So Alison Phipps cropped up on another thread recently, making frankly batshit remarks about race and trans rights.

So I looked into her a bit and I found this
genderate.wordpress.com/2021/02/05/seven-lessons/
(hope the link works, not sure I did it right.) And I found myself agreeing with her!

It's about dealing with sexual assault in universities and she makes some wise and interesting points. For instance, talking about how universities just shunt abusers on to other institutions so the problem appears to be solved but women are not protected. Or the way you can run a media campaign for the problem but end up providing sexy clickbait.
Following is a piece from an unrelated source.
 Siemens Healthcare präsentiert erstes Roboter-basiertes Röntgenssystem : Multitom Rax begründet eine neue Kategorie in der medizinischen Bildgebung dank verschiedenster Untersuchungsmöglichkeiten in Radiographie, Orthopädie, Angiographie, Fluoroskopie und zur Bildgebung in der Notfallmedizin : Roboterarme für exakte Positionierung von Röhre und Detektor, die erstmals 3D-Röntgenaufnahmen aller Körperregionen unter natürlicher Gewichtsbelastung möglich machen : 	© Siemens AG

She somehow fits this into an overarching ideology about capitalism and race and how we therefore shouldn't have prisons or separate toilets. I really don't see how she fits it together like this and wondered what other people thought?

OP’s posts: |
Justhadathought Mon 08-Feb-21 11:17:44

Just had a peak, and definitely not something that is easy or at all pleasurable to read.

Over-arching theories and ideologies are one thing, but meanwhile we live in the real world, and the characteristics of that real world impact on people and on groups of people.
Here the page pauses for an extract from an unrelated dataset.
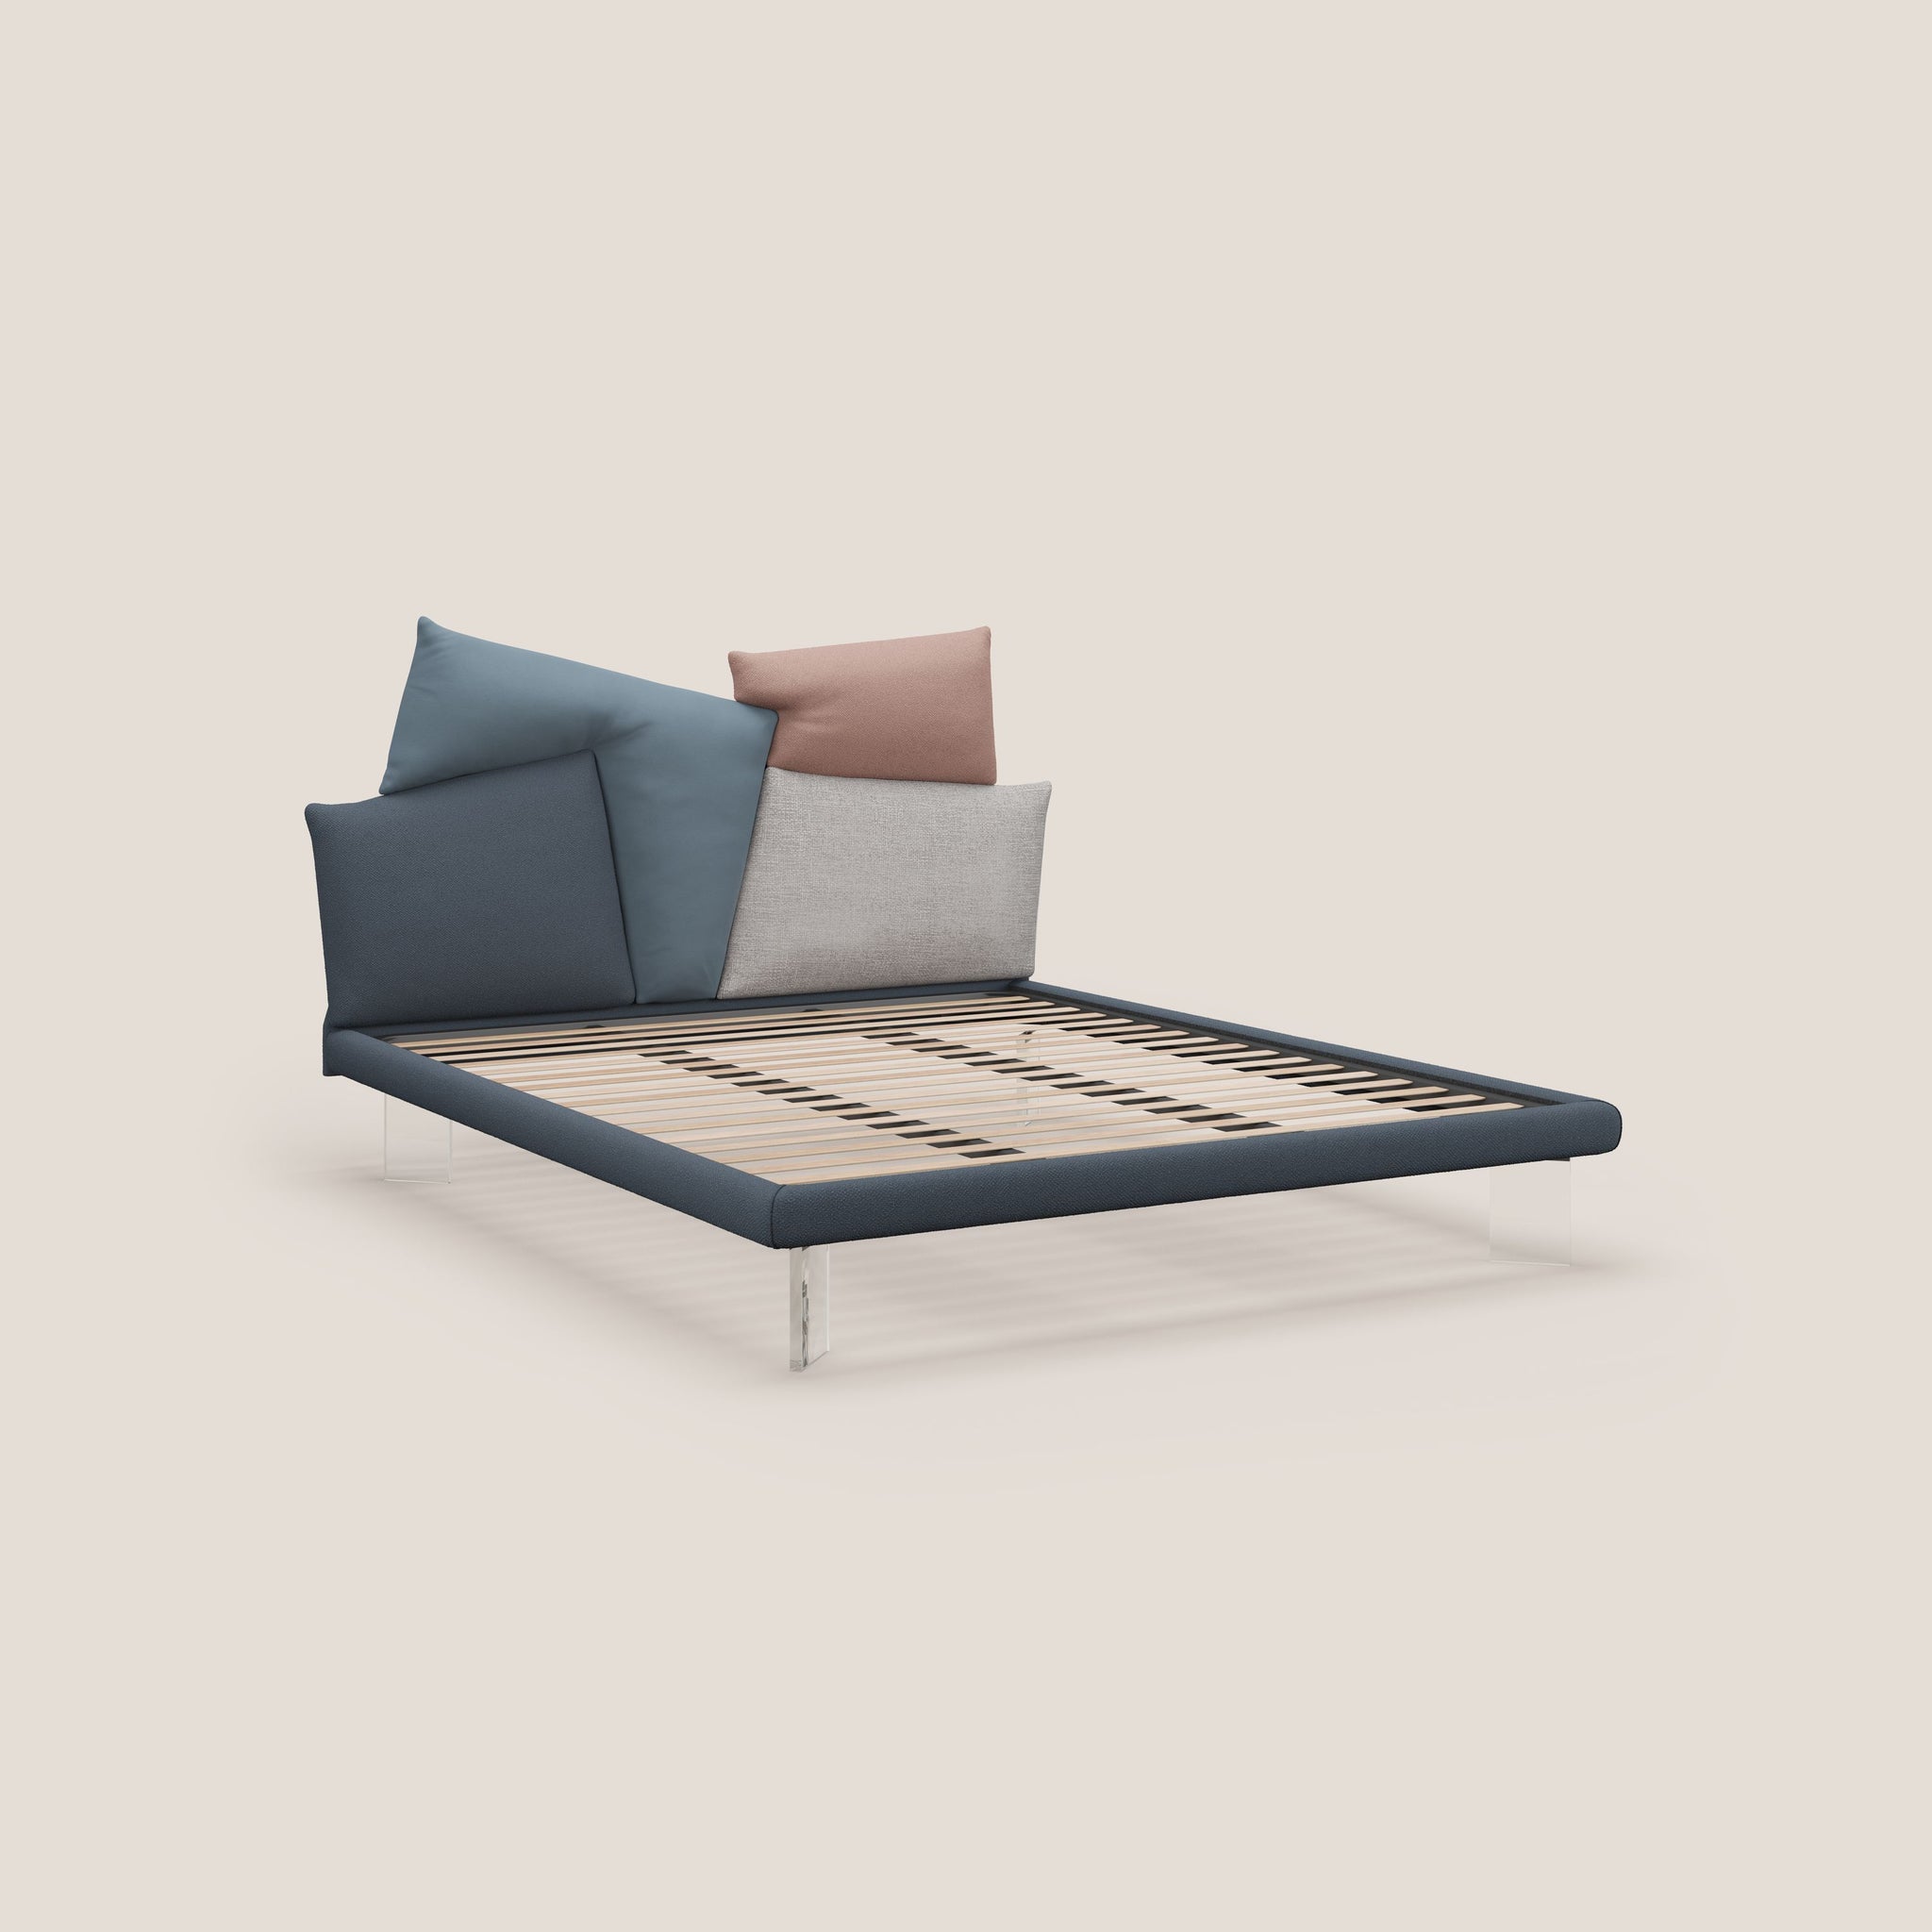 Rebus letto imbottito dal design moderno con piedi trasparenti in plexiglass

The thing about over-arching 'the right side of history' arguments and movements, is that they see the present and the people in it as collateral damage; as dispensable. As a price worth paying to achieve the promised land.
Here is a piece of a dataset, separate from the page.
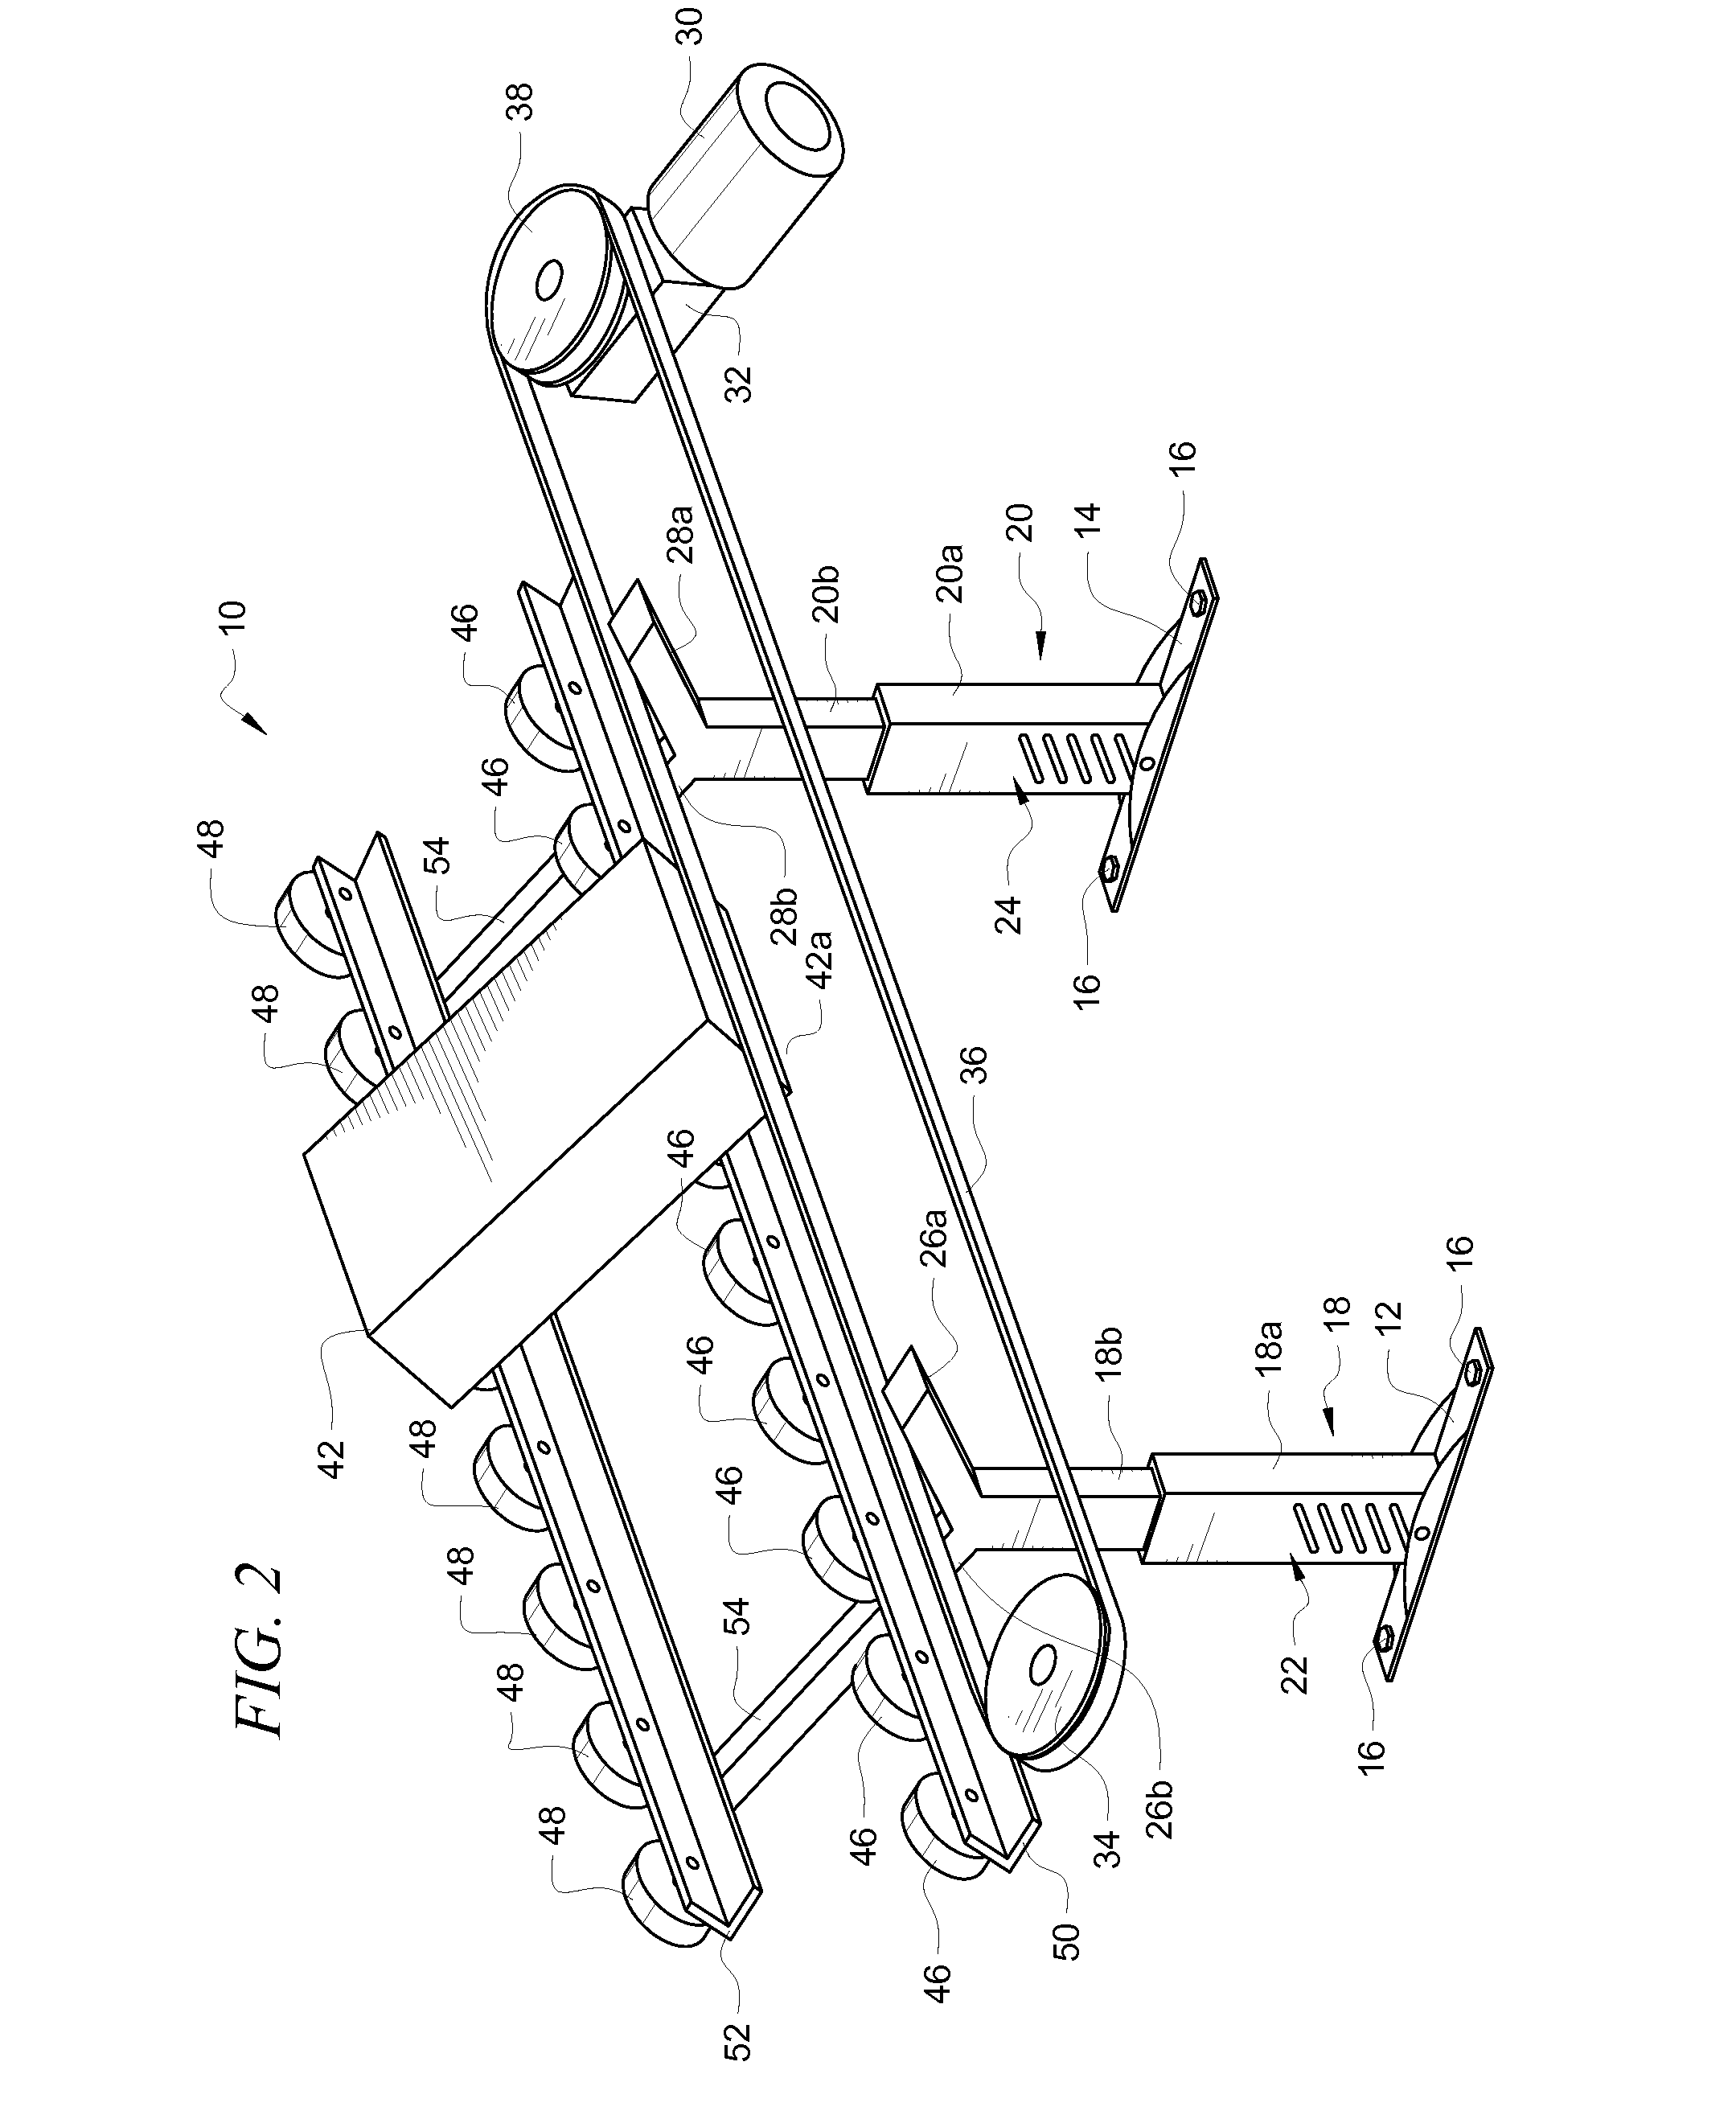 V-Shaped Product Conveyor

Biscuitsanddoombar Mon 08-Feb-21 12:54:37

Dr Jane clare Jones is not impressed

twitter.com/janeclarejones/status/1358567449122271232?s=21

hallouminatus Mon 08-Feb-21 12:54:43

So I looked into her a bit and I found this
genderate.wordpress.com/2021/02/05/seven-lessons/

I looked too, and found this:
janeclarejones.com/2020/01/15/unreasonable-ideas-a-reply-to-alison-phipps/
Which I highly recommend.

NecessaryScene1 Mon 08-Feb-21 13:36:16

Ouch. Can't say she doesn't deserve it though.

twitter.com/janeclarejones/status/1358761383354109955 (archive)

Maybe stop weaponising your fragile bourgeois white femininity to try and protect yourself and deflect warranted critique when people call you on your shit hey?

"I'm a survivor myself and when people critique my misogynist crap I retreat and feel vulnerable and apparently when I do that I am not weaponising anything or engaging in political whiteness because that's only something those bitches over there do."

"And just imagine how terrible it must be when those bitches do it to people who are really vulnerable because those people are really vulnerable unlike those nasty cows who are just weaponsing their white-lady tears (which are totally different from my white lady tears obvs) in order to hurt people who actually matter and this description of political whiteness in no way looks like a perfect description of trans activism and anyone who thinks it does is just an hetropatriarchal colonial bigot natch."

[...]

If you give a fuck about anti-colonialism go and talk to the women in Nigeria about what is happening there you absolute fucking hypocrite.

Where they still have child marriage and FGM and breast ironing, and are still being called privileged bitches by trans activists and their allies.

Now, run along and weaponise your trauma against the nasty evil women who are just such awful terrible meanies to poor little you when really you did nothing at all other than tell women who want some ind of social recognition and recompense for the way they are violated day in and day out of being a bunch of nasty racist bourgeois Karens.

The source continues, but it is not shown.